Гейдар-ага ухмыльнулся.
— Муса неглупый человек, зачем ему в Закаталы идти? Здесь каждый милиционер его знает. Наверно, спрятался... — успокаиваясь, произнес атаман. — Хорошо, скажи теперь, ты склад покажешь, что потом?
— Потом к себе в Пойлу поеду, а оттуда за границу — Мурсал-Киши рассказать о том, что ты решил.
— Да благословит тебя аллах за эту новость! — торжественно произнес Гейдар-ага, поднимаясь. — А сейчас... Ты можешь ехать сразу?
— Для этого я шел сюда, Гейдар-ага. — Расулов тоже встал, лихорадочно соображая, можно ли задать вопрос, почему Гейдар-ага согласился встретиться с ним лишь в том случае, если Гасан придет на свидание вместе с сыном, или лучше от этого воздержаться. Но Гейдар-ага сам развеял эти сомнения.
— Оставишь сына здесь. Поедешь с Новруз-беком. Покажешь место, склад.
— Сына? — Расулов оскорбленно вскинул голову. — Ты мне не-доверяешь? Не будет склада, ничего не покажу!
— Слушай, я говорю, почтенный Гасан, — Гейдар-ага подался вперед, свел глаза в узкие щелки. — Пусть моя осторожность не обидит тебя. Но два раза не надо, чтоб я говорил. Или будет как я хочу, или будет нехорошо. Керим! — Длиннорукий, откинув стволом винтовки занавеску, вдвинулся в комнату. — Позови Новруз-бека!
— Да, Гейдар-ага.
Новруз-бек вошел, поддерживая рукой спадавшую бурку.
— Поедешь с нашим братом, куда он покажет, — обратился к нему главарь, не отрывая прищуренных глаз от Гасана. — Хорошо запомнишь место. Привезешь мне со склада гранаты и маузер. Скажешь нашему брату спасибо. Где меня потом найти, сам знаешь. Поедешь сейчас.
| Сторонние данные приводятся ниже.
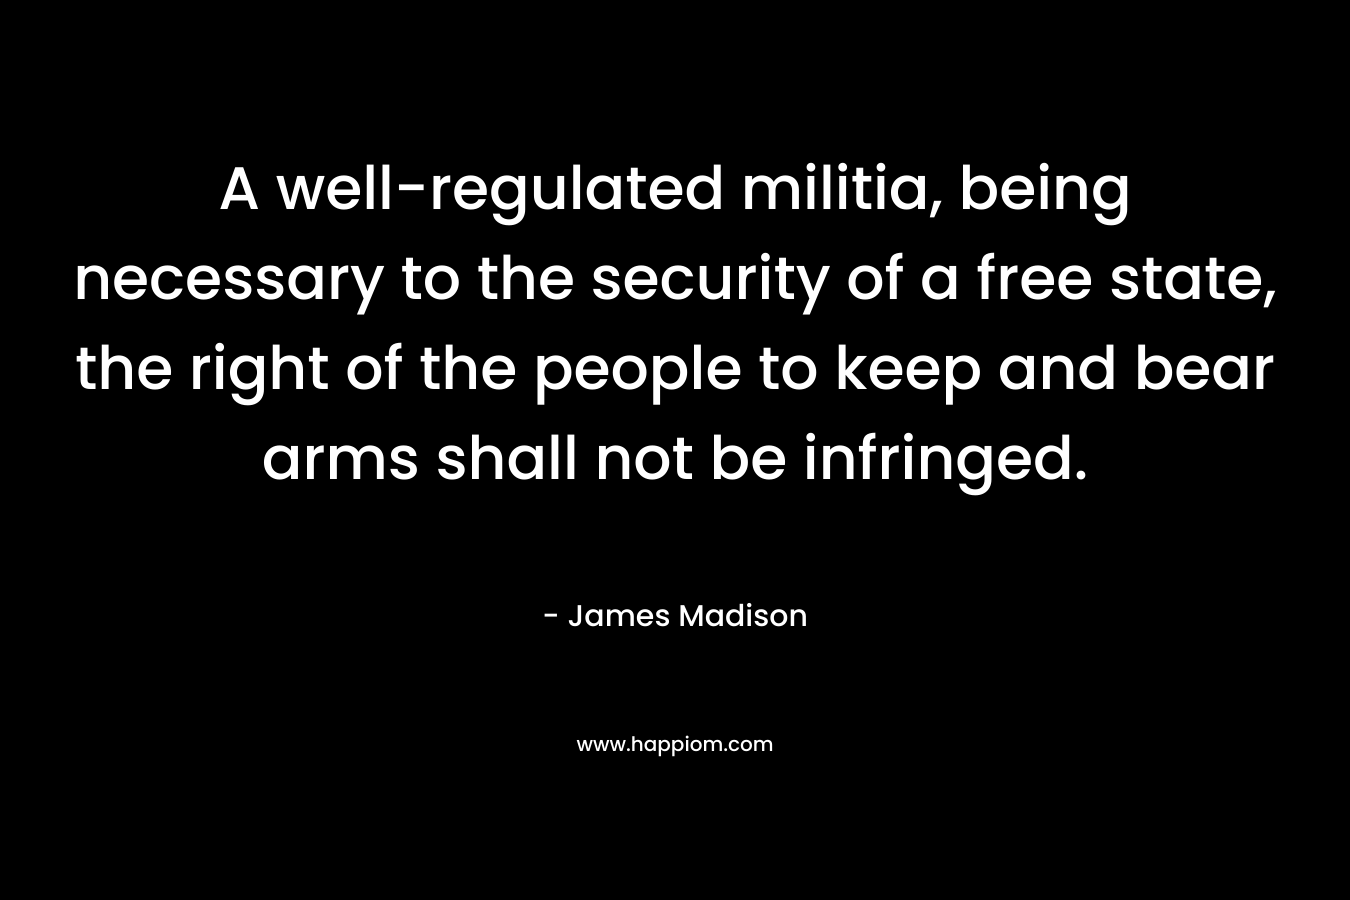 A well-regulated militia, being necessary to the security of a free state, the right of the people to keep and bear arms shall not be infringed. – James Madison
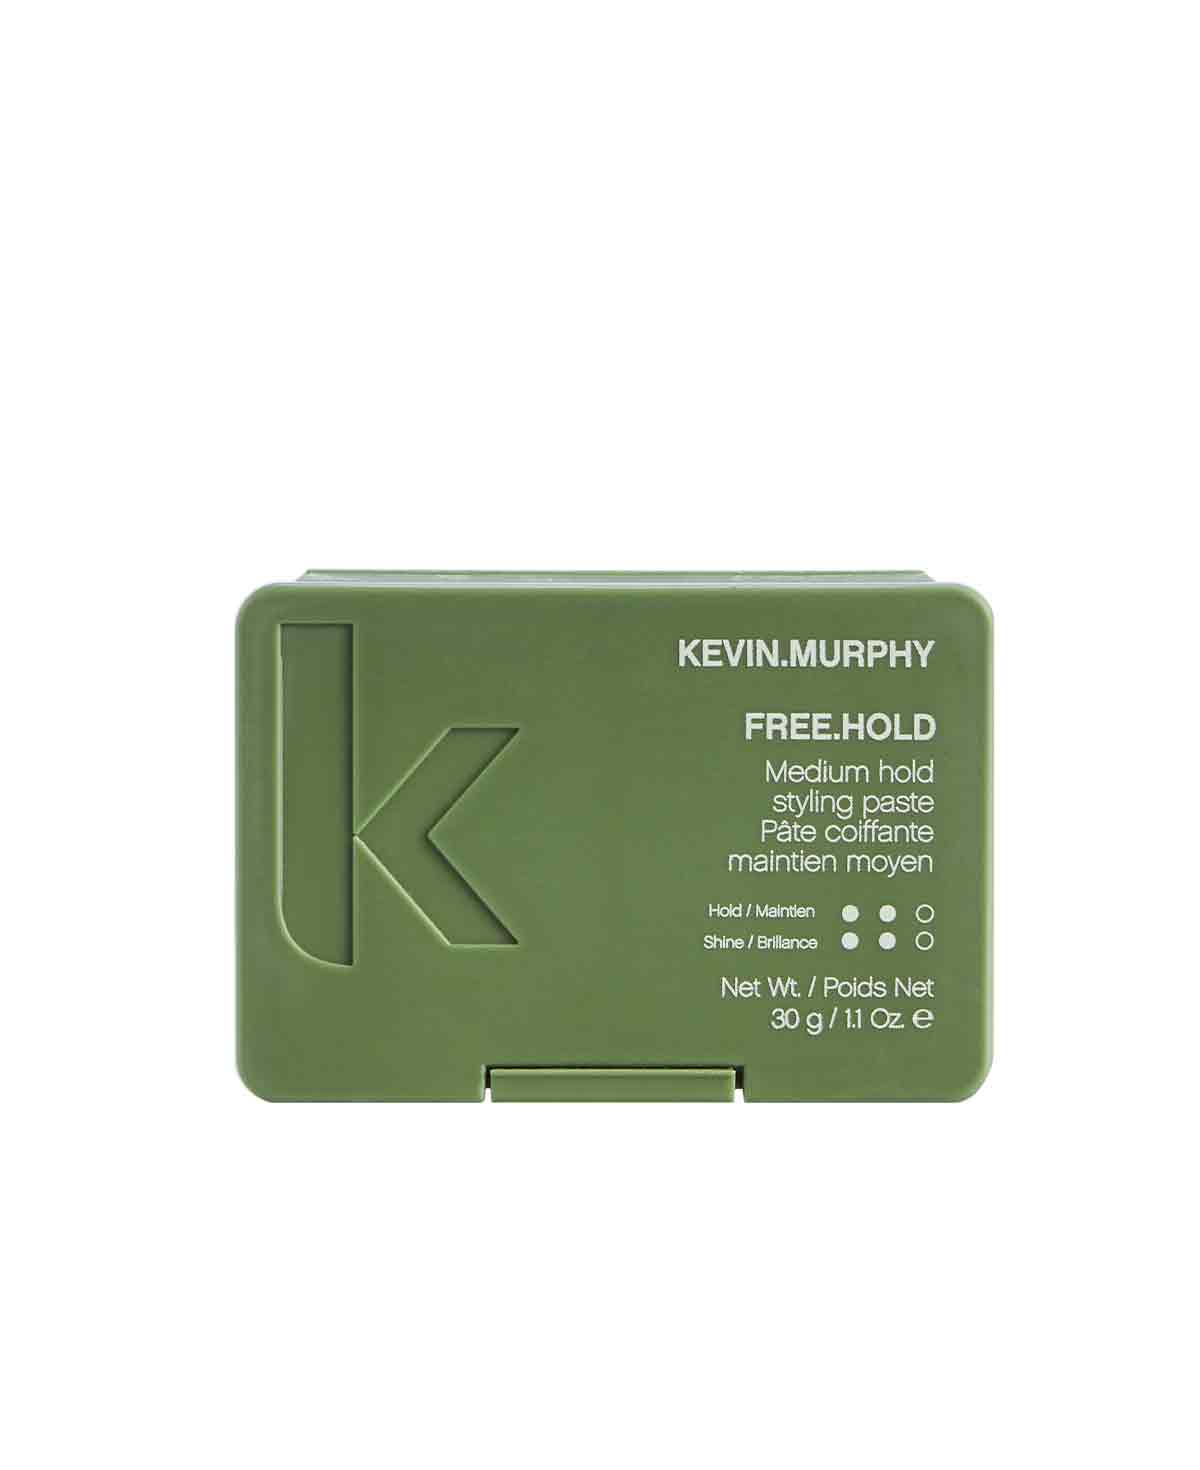 Kevin.Murphy FREE.HOLD 30g

— Наконец-то аллах вспомнил о нас! — Глаза Новруз-бека радостно заблестели. — Будь покоен, Гейдар-ага, все сделаю как надо. — И повернувшись к Расулову: — Пойдем. Коня хозяин даст.
— Но потом ты отпустишь сына? — В голосе старого Гасана звучало неподдельное волнение.
— Потом... Потом, конечно, отпущу. Разве мусульманин платит злом за добро? — свистящим шепотом произнес Гейдар-ага.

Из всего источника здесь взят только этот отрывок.